ISR Racing (also known as Coca-Cola Racing Team in FIA GT) is a racing team from Czech Republic, created in 1993 by Igor Salaquarda. The team is currently competing in ADAC GT Masters.

== History ==
The company was created to develop the Peugeot 306 Cup of Peugeot Cup racing.

Later, in 1996, ISR started racing in Super Touring with Audi 80 quattro and Czech driver Josef Venc. The team won the drivers' title in the Central-European Super Touring Championship in 1998 and 1999.

In 1999, ISR started building a 500m² workshop for the preparation of racing cars.
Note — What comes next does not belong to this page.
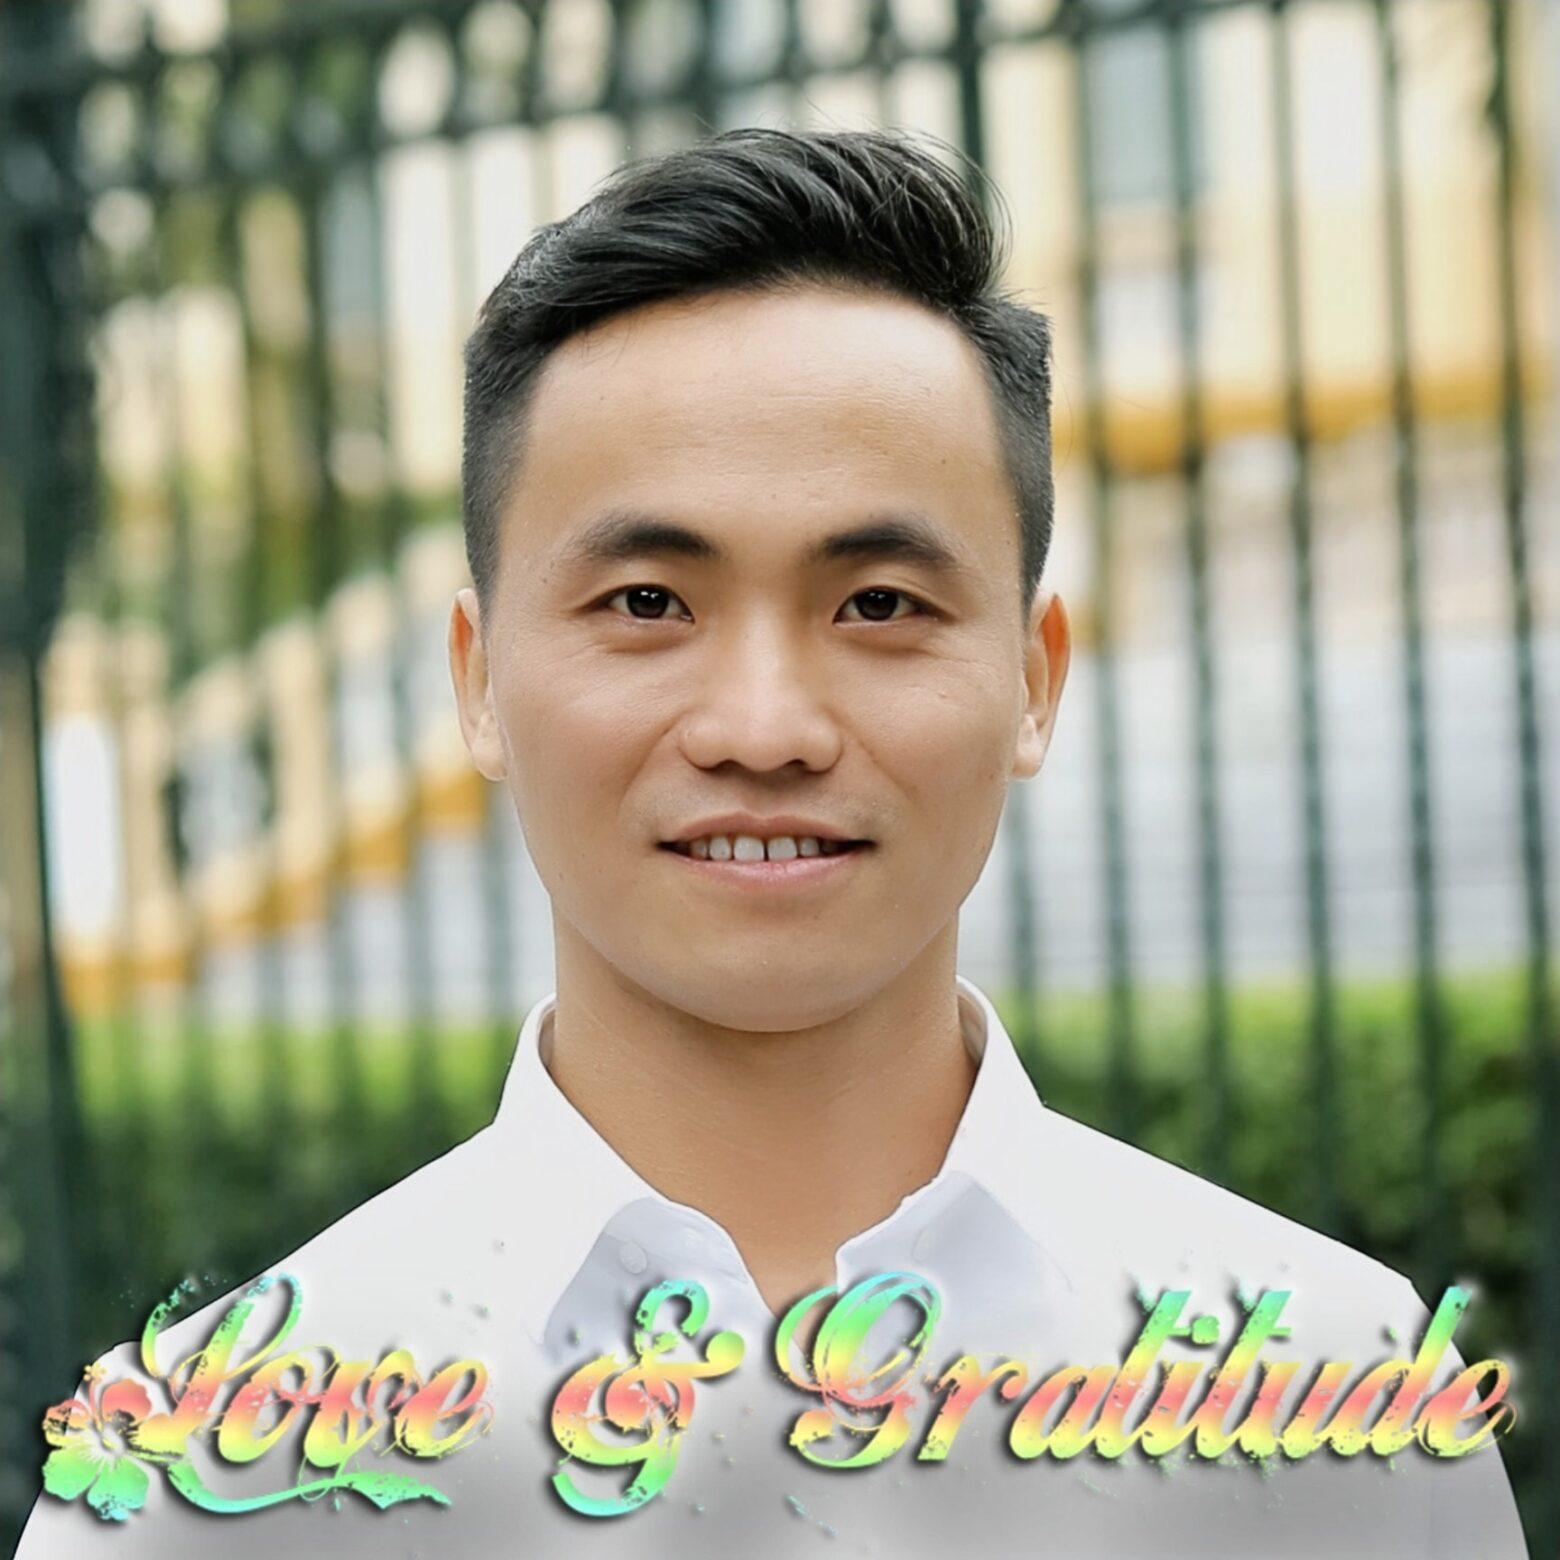 Vũ Ngọc Thọ – happy to help 7

In 2001, the team prepared cars for the FIA GT Championship with Tomáš Enge, Justin Wilson and Antonín Charouz. Charouz also won the Czech GT Championship with a Porsche 911 GT3.

The next year, ISR started racing in Euro Formula 3000. The team also raced in Formula BMW ADAC in 2003, and the Recaro Formule 3 CUP in 2004.

In 2005 and 2006 ISR took part in the Formula Three Euroseries with Filip Salaquarda but they failed to finish any race in a point-scoring position.

In 2007, ISR raced in the new International Formula Master series.

ISR will take over the RC Motorsport team's entry for the 2010 World Series by Renault season.

ISR were not listed on the provisional list of teams for the 2015 World Series by Renault season, and are unlikely to be fielding a team.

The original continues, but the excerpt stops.